Applications that are complete and responsive to the PAS will be evaluated
for scientific and technical merit by an appropriate peer review group
convened by NCCAM in accordance with the review criteria stated below. As
part of the initial merit review, all applications will:
o receive a written critique,
o undergo a process in which only those applications deemed to have the
highest scientific merit, generally the top half of the applications under
review, will be discussed and assigned a priority score,
o may require site visits or that investigators come to NIH to meet with
reviewers (reverse site visit);
o receive a second level review by the National Advisory Council on
Complementary and Alternative Medicine.
REVIEW CRITERIA
The following aspects of the DCRC will be evaluated:
o Individual Research Projects
o Cores
o Principal Investigator
o Environment
o Program Synergy
o Overall Program
o Other Considerations
A) INDIVIDUAL RESEARCH PROJECTS
The goals of NIH-supported research are to advance our understanding of
biological systems, improve the control of disease, and enhance health. The
reviewers will be asked to comment on the following aspects of each proposed
developmental research project in order to judge the likelihood that the
proposed research will have a substantial impact on the pursuit of these
goals. Each of these criteria will be addressed and considered by the
reviewers in assigning the overall score, weighting them as appropriate for
each application. Note that the application does not need to be strong in all
categories to have a major scientific impact and thus deserve a high priority
score. For example, an investigator may propose to carry out important work
that by its nature is not innovative but is essential to move forward in a
field.
(1) Significance. Does this study address an important problem? If the aims
of the application are achieved, how will scientific knowledge be advanced?
What will be the effect of these studies on the concepts or methods that
drive this field?
(2) Approach. Are the conceptual framework, design, methods, and analyses
adequately developed, well-integrated, and appropriate to the aims of the
project? Does the applicant acknowledge potential problem areas and consider
alternative tactics?
(3) Innovation. Does the project employ novel concepts, approaches, or
methods? Are the aims original and innovative? Does the project challenge
existing paradigms or develop new methodologies or technologies?
(4) Investigators. Are the investigators appropriately trained and well-
suited to carry out this work? Is the work proposed appropriate to the
experience level of the Project Leader(s) and other researchers (if any)?

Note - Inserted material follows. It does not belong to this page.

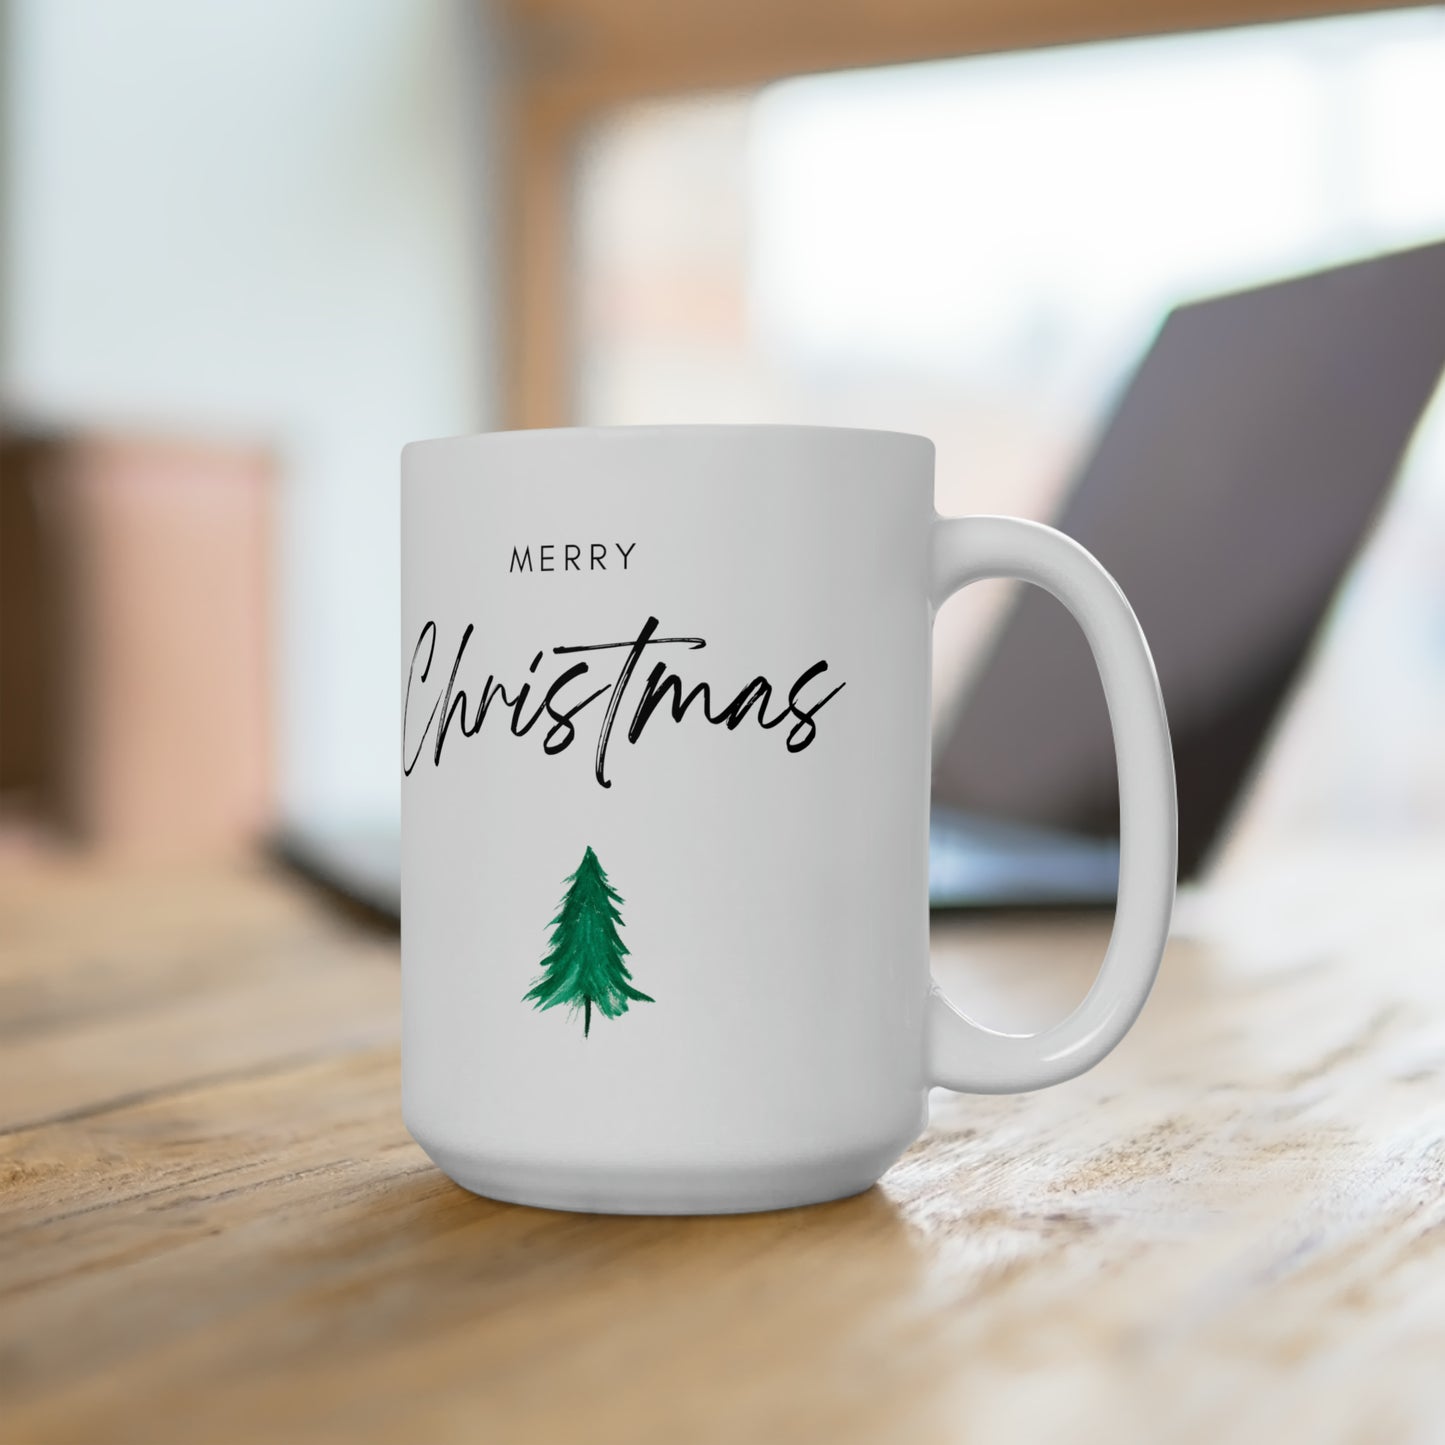 Merry Christmas with Tree Printed Ceramic Mug, 15oz

(5) Environment. Does the scientific environment in which the work will be
done contribute to the probability of success? Do the proposed experiments
take advantage of unique features of the scientific environment or employ
useful collaborative arrangements? Is there evidence of institutional
support?
ADDITIONAL REVIEW CRITERIA: In addition to the above criteria, in accordance
with NIH policy, all research components will also be reviewed with respect
to the following:
INCLUSION: The adequacy of plans to include both genders, minorities and
their subgroups, and children as appropriate for the scientific goals of the
research. Plans for the recruitment and retention of subjects will also be
evaluated. (Please see Inclusion Criteria included in the section on Federal
Citations, below).
PROTECTIONS: The adequacy of the proposed protection for humans, animals or
the environment, to the extent they may be adversely affected by the project
proposed in the application.
DATA SHARING: The adequacy of the proposed plan to share data.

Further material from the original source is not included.